John Bartlett

John Bartlett studied at the Royal Academy Schools from 1991-4. Bartlett’s painting practice is eclectic. He creates large scale works highlighting historical happenings; notably the Poll tax riots or a memory of a past dwelling or moment. Other works are more cinematic, depicting masked figures in an apocalyptic environment, often fleeing from something in the distance, normally unseen but recognisably referencing the genre of sci-fi or horror.

He is best known to date for his monumental work History Painting 1993-94 which now forms an integral part of the Museum of London’s permanent collection. This contentious work received a great deal of media coverage in Britain over the years primarily because it depicts the 1990 Poll Tax Riots in Trafalgar Square. In 2010 it was reproduced as 9 x 18ft posters on the London Underground as part of a promotional campaign for the Museum of London. In 2017 it featured in the book London in the Company of Painters published by Laurence King.

Other career highlights include a commission for Heathrow Airport and large-scale acquisitions made by the Guildhall Art Gallery and the V&A Museum of Childhood. He also has a selection of his drawings in the collection of the Royal Academy of Arts, and these were included in their survey of 20th Century Works in the exhibition Driven to Draw.
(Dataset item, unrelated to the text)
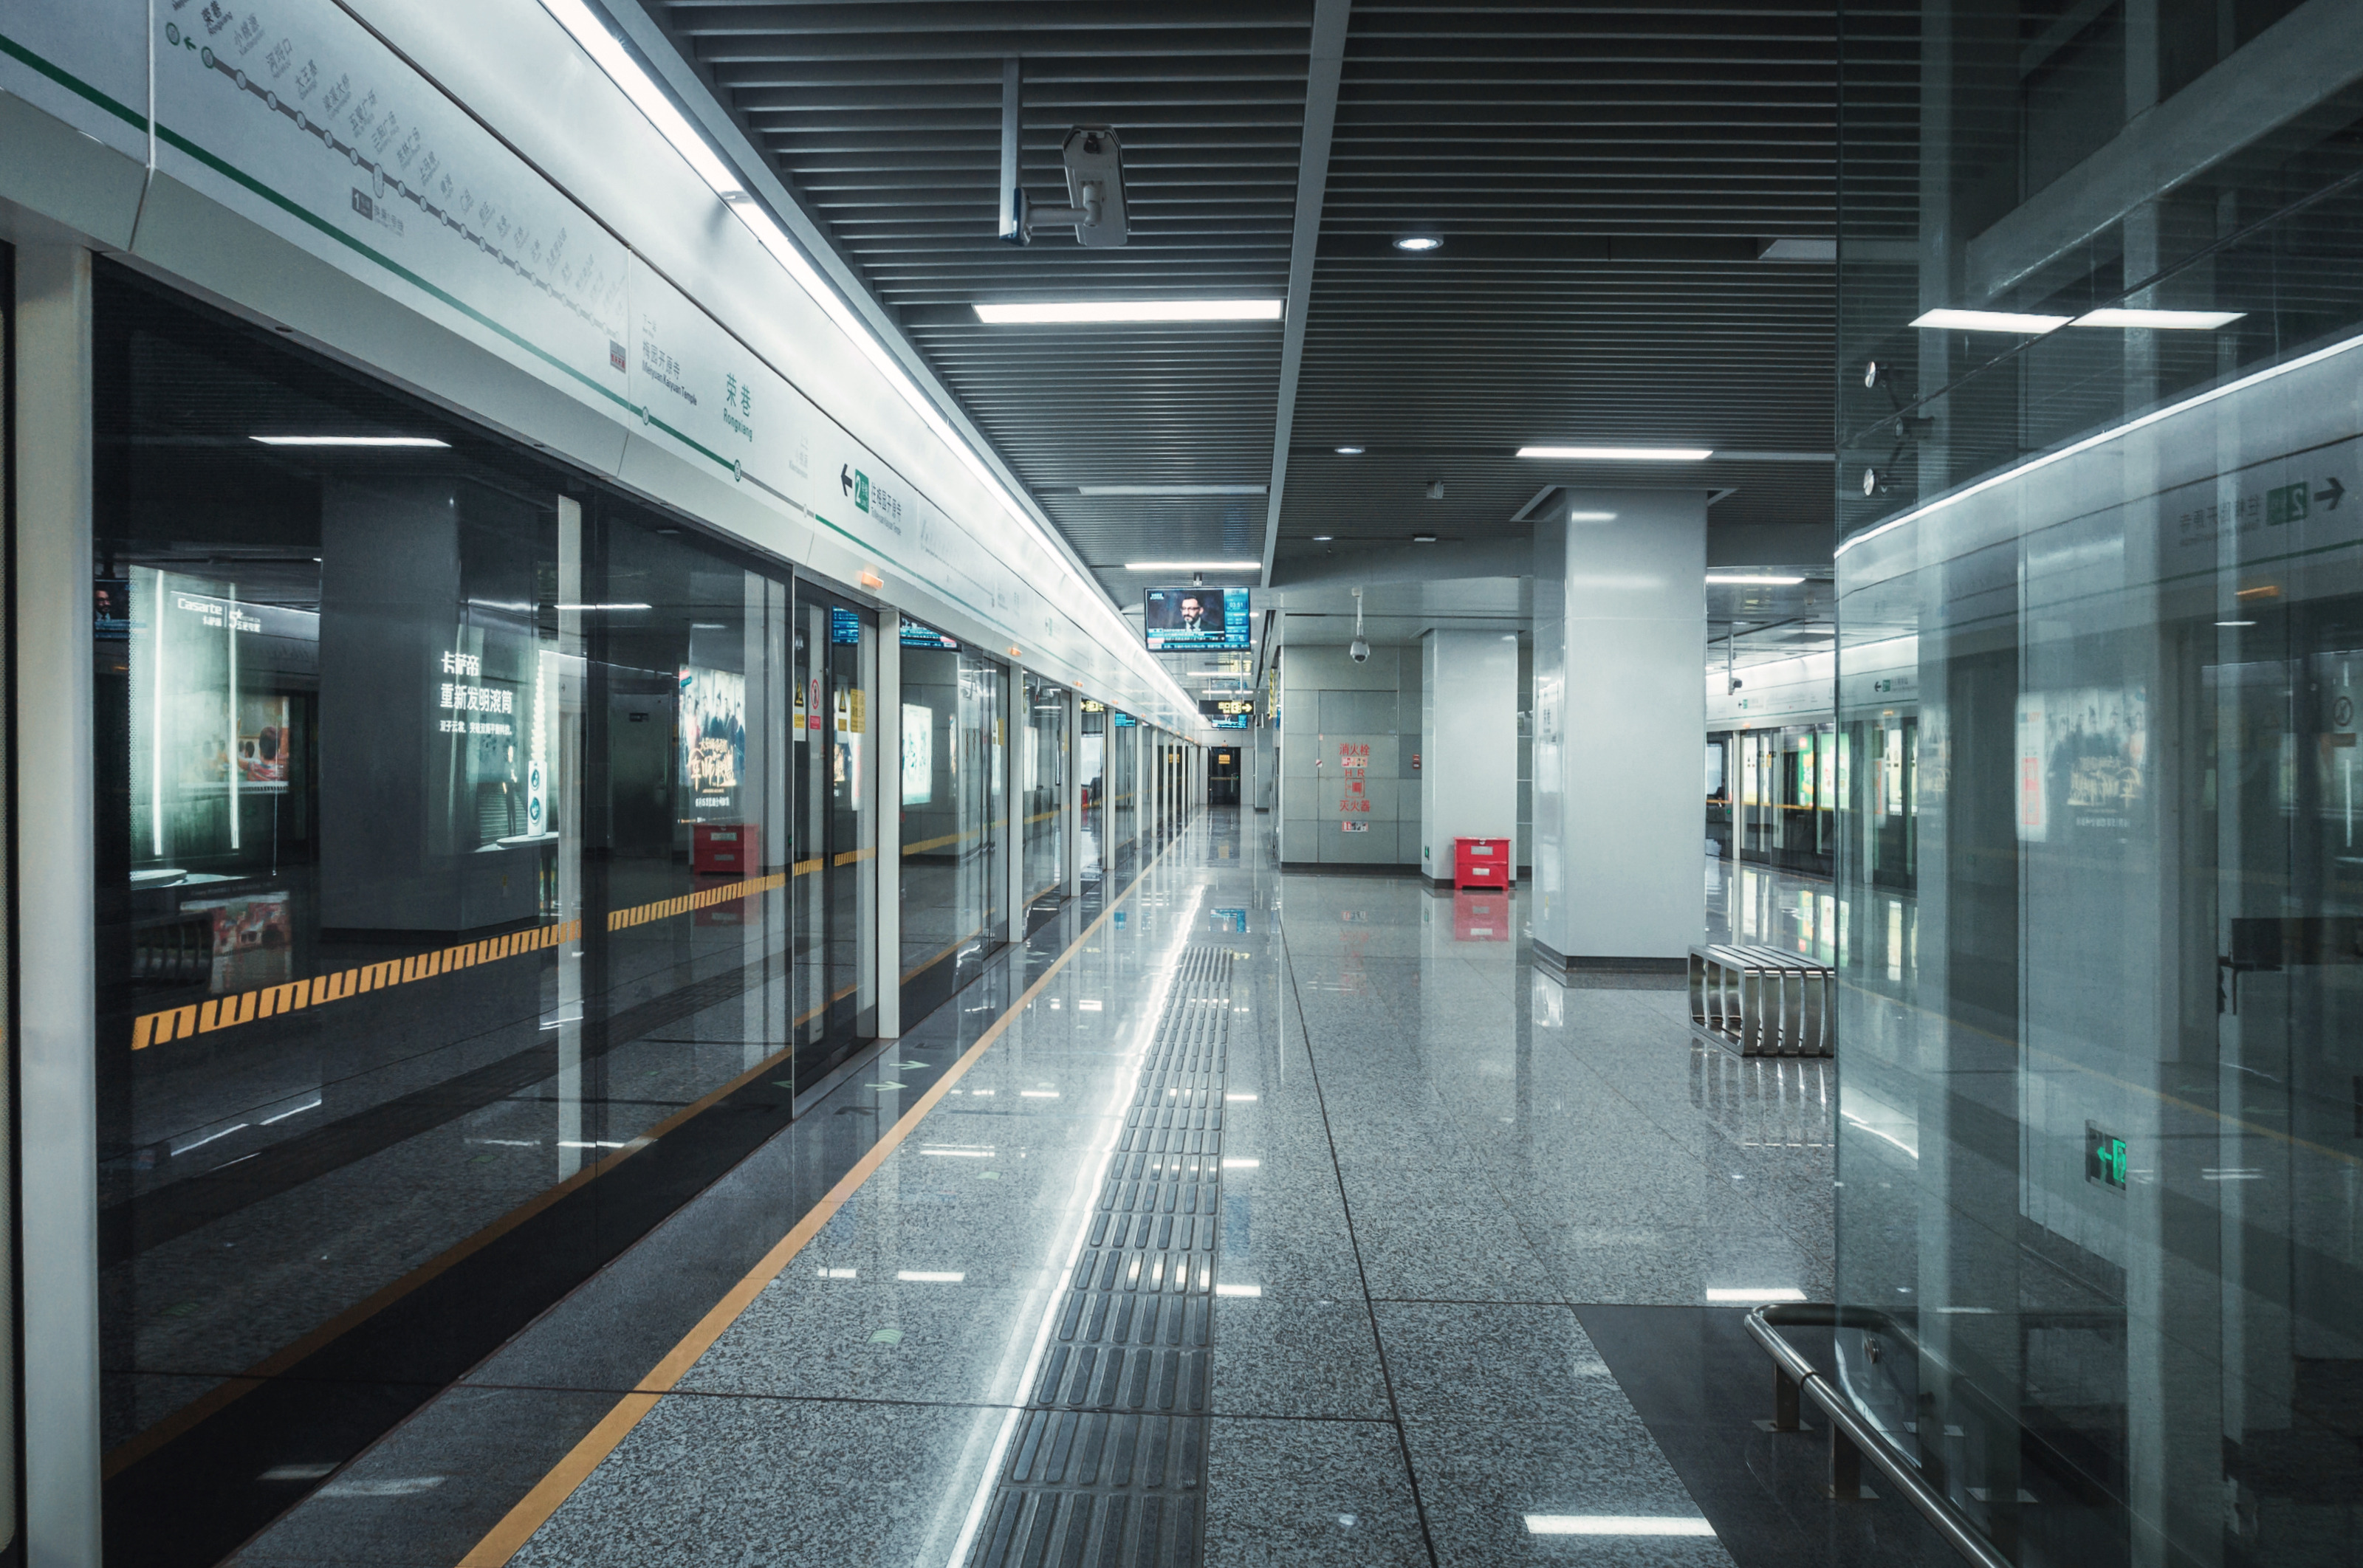 6座车站12万吨构件装配完成 青岛地铁6号线成就一项“全国之最”-青岛西海岸新闻网

In 2012-13 the Guildhall Art Gallery held a mid-career retrospective of Bartlett featuring over fifty of his paintings and drawings in an exhibition entitled London Sublime.

More recently he was included in the 2022 exhibition New Contemporaries & Modern British Art at the Osborne Samuel Gallery, Mayfair.

In 2023 he returned after a decade to the Guildhall with his large-scale work Cars & Chaos 1995-96 included in the exhibition The Big City.

Notable private collectors include Andrew Wilton – former keeper of the British Collection at the Tate Gallery and Nicholas Penny – former Director of the National Gallery, London.

John Bartlett was born in London in 1960. He lives and works in Folkestone, Kent.